Hogwildz found a place that sells parts for my insert and provided this link: http://www.woodstoveparts.info/Aurora_Parts.html

Mine looks extremely close to the top picture.  I hope this may help someone identify which model Aurora stove I have.


----------



## 69_Eliminator (Dec 29, 2013)

I just found out that my Aurora insert is model number 3L1X and it was manufactured by Diversified Products.  I searched the internet pretty well and found absolutely nothing.  I was told that when it was new it did come with a manual.  It would be nice if I could find a .pdf file of that manual, but looks the odds of the are slim to none


----------



## hsivd (Dec 18, 2014)

I think I just purchased the same model insert. Mine is an Aurora 301 firebird. It came with owners manual and installation instructions. However everything seems outdated and I am not sure about installation. I am curious how yours is installed? I can also scan the manual and send it to you. Thanks


----------



## 69_Eliminator (Dec 18, 2014)

I ran mine last year as a slammer setup because I couldn't afford a liner.  It is outdated and everyone here is going to recommend you run a liner.  I just adapted a liner to mine and re-installed it last weekend- it works great!  I attached a couple pics of it.

I would love to see the manual if you were able to send it to me; I'll send you my email in a PM.


----------



## hsivd (Dec 18, 2014)

Is that an 8" liner? My insert has a damper on the back. Did you customize an adapter? I will scan the manual this evening.


----------



## 69_Eliminator (Dec 18, 2014)

hsivd said:


> Is that an 8" liner? My insert has a damper on the back. Did you customize an adapter?

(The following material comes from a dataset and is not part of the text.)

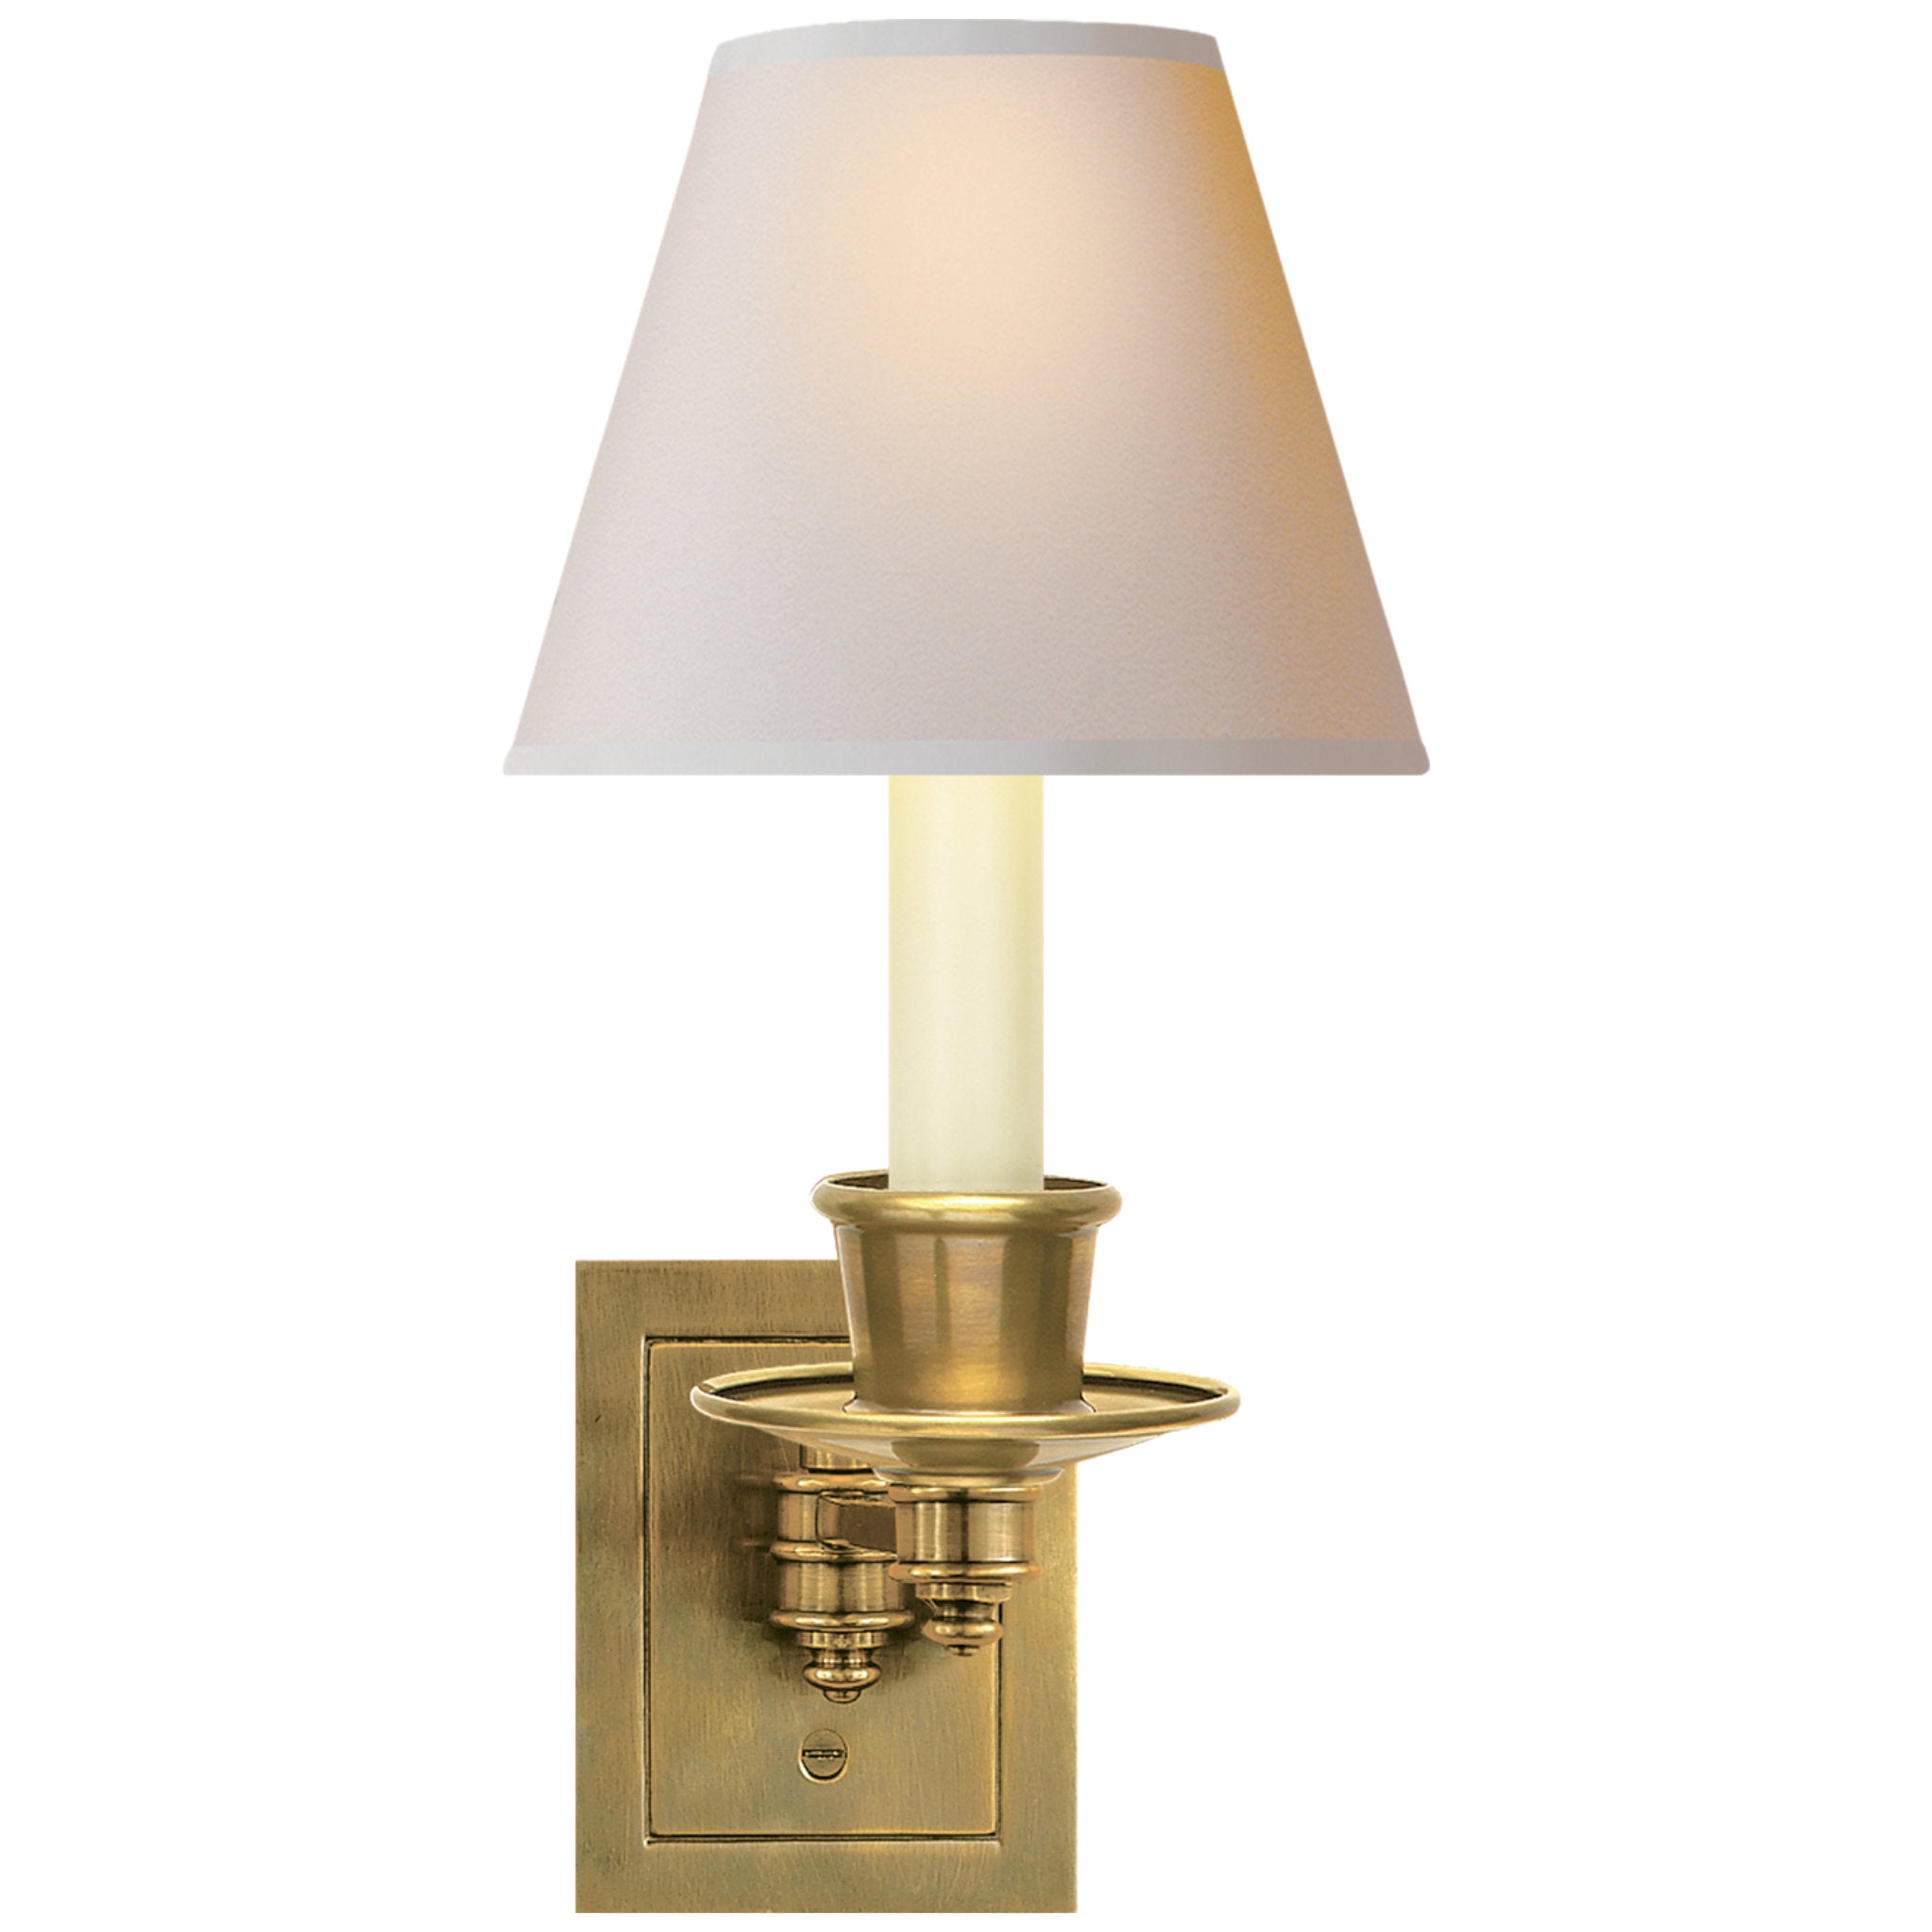 Visual Comfort Single Swing Arm Sconce in Hand-Rubbed Antique Brass with Natural Paper Shade

I will scan the manual this evening.


it's a 7" liner.  Mine had a flap too, I cut it off to make the adapter work.  The aparter and liner came from Fireside Chimney Supply.  I think the adapter was right around $100.


----------



## Bearcat_Fan (Jan 3, 2015)

69_Eliminator said:


> it's a 7" liner.  Mine had a flap too, I cut it off to make the adapter work.  The aparter and liner came from Fireside Chimney Supply.  I think the adapter was right around $100.



Hello, signed up to this forum just to ask this question.  Someone just gave me an identical insert and I was hoping there was some way to convert the damper to a match up with a liner.  Can't seem to find that adapter piece on Fireside Chimney Supply.  Do you have a part number or will they know what I'm talking about when I call them?  Also, can I get a copy of the manual?


----------



## 69_Eliminator (Jan 7, 2015)

Bearcat_Fan said:


> Hello, signed up to this forum just to ask this question.  Someone just gave me an identical insert and I was hoping there was some way to convert the damper to a match up with a liner.  Can't seem to find that adapter piece on Fireside Chimney Supply.  Do you have a part number or will they know what I'm talking about when I call them?  Also, can I get a copy of the manual?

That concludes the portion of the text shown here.